Modern machine learning methods have enabled major advances in big data analysis, but current state-of-the-art technology is not suited to the intricacies of surveys that use complex sampling methods. With the support of a three-year grant of $337,000 from the National Science Foundation, assistant professor of statistics Paul Parker will develop statistical and machine learning methods best suited to the analysis of complex surveys produced by federal statistical offices.
“We’re currently in this revolution in data science and machine learning where there are all these new methods that can analyze these huge data sets and do it really well, but they can’t necessarily be used off-the-shelf for this. survey datasets,” Parker says. “That’s because they usually rely on a simple random sample of the population, which isn’t the case with these types of surveys.”

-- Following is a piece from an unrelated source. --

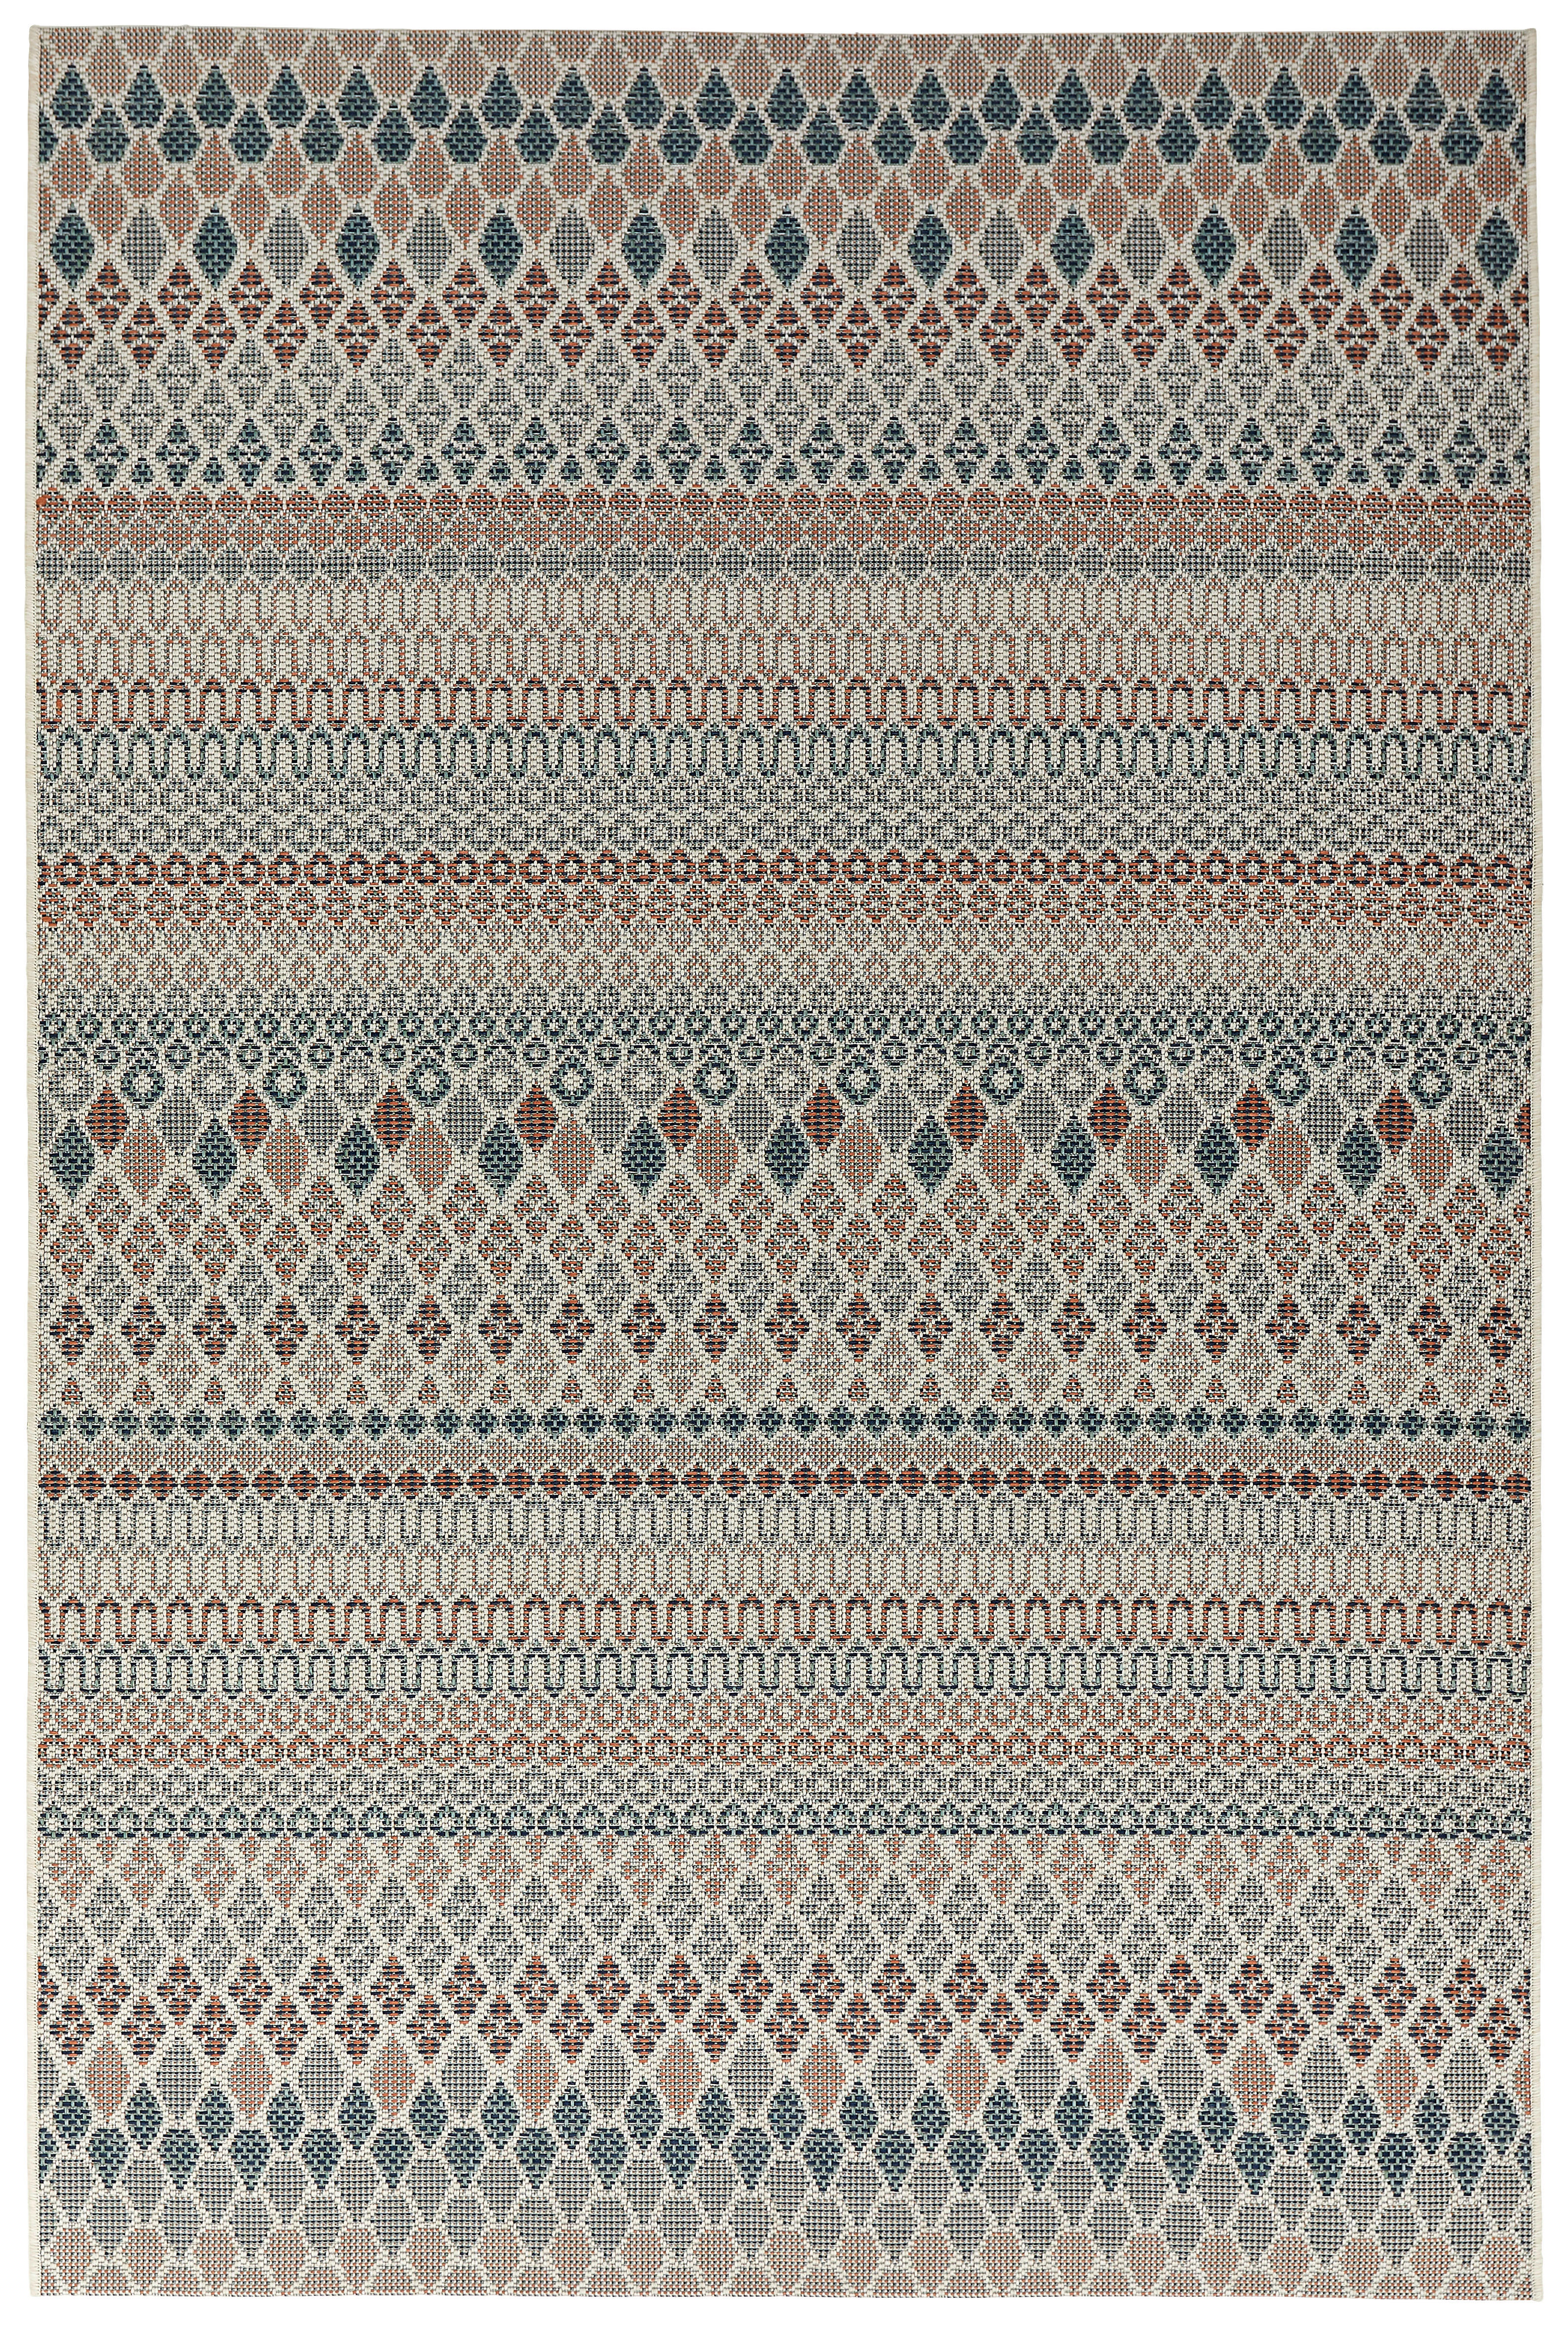 In- und Outdoorteppich  120/170 cm  Multicolor   - Multicolor, Design, Textil (120/170cm) - Novel

This project will focus on a group of surveys produced by the National Center for Scientific and Technical Statistics (NCSES), such as the National Survey of College Graduates and the Survey of Earned Doctorates, which help inform key official population estimates. Rather than sampling a population with equal probability, these surveys and other federal surveys are typically over- or under-sampling of certain groups.
Parker will develop statistical methods for machine learning models specifically designed to take into account survey design, the unique way data is collected. He wants to take advantage of the ability of machine learning technology to create flexible data models that can often improve the accuracy of population estimates.
However, many machine learning models are often not equipped to provide key estimates of uncertainty in datasets, a shortcoming that Parker will address through the frameworks he develops.
†[The project addresses] two things: consider the study design, but also incorporate it into a statistical framework to generate those uncertainty estimates,” Parker said. “I think these are the two areas where our expertise will help improve these models.”
These new methods will benefit agencies tasked with producing population estimates from NCSES surveys, who are increasingly faced with a combination of limited resources and higher expectations for their jobs, Parker said. The improved estimates will also be useful to people interpreting and making policy or financing decisions based on the data produced.
Ultimately, Parker hopes these methods will be more broadly applicable to other federal statistical offices, as well as areas such as economics and sociology that deal with dependent research data sets.
This project is funded by the NSF’s National Center for Science and Engineering Statistics and will be a collaboration with lead researcher Scott Holan of the University of Missouri.